Впрочем, когда я добрался до своего сектора, миновав висевший в этом месте под потолком логотип отдела, на меня уже никто не смотрел. Благополучно проскользнув в свою кабинку и опустившись на стул, я мгновенно скрылся из виду, как солдат, провалившийся в лисью нору.
Сразу же зазвонил телефон, на дисплее которого обозначился номер моего приятеля Лэрри Бернарда.

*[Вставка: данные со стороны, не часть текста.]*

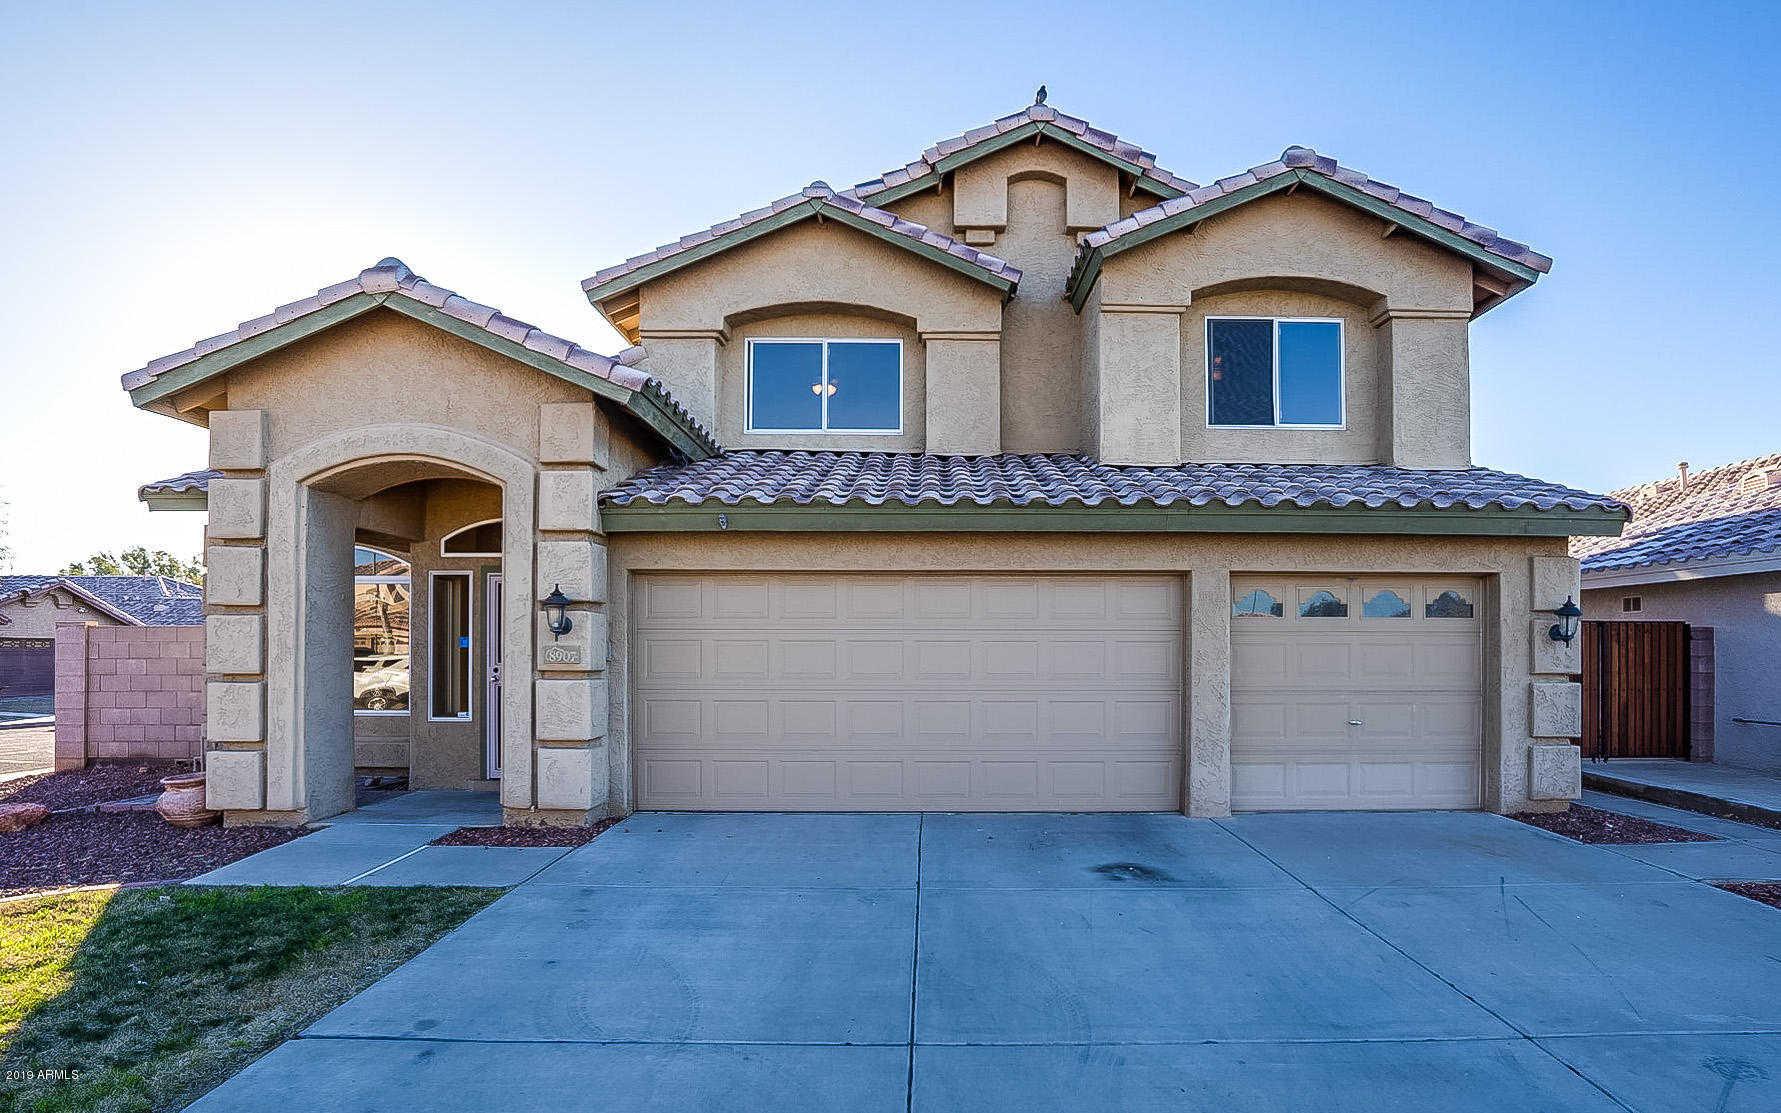 $342,000 - 4Br/3Ba - Home for Sale in Arrowhead Cove, Peoria

Его ячейка находилась через две от моей, но он знал, что если явится ко мне, так сказать, во плоти, то это снова возбудит ненужный ажиотаж у обитателей новостного зала, которые начнут один за другим заходить ко мне и задавать обычные в таких случаях банальные вопросы. Репортеры — животные стадные.
Я надел наушники и нажал кнопку переговорного устройства.
— Привет, Джек, — сказал Лэрри.
— Привет, Лэрри, — ответил я.
— Итак?
— Что «итак»?
— Что хотел от тебя Крохобор?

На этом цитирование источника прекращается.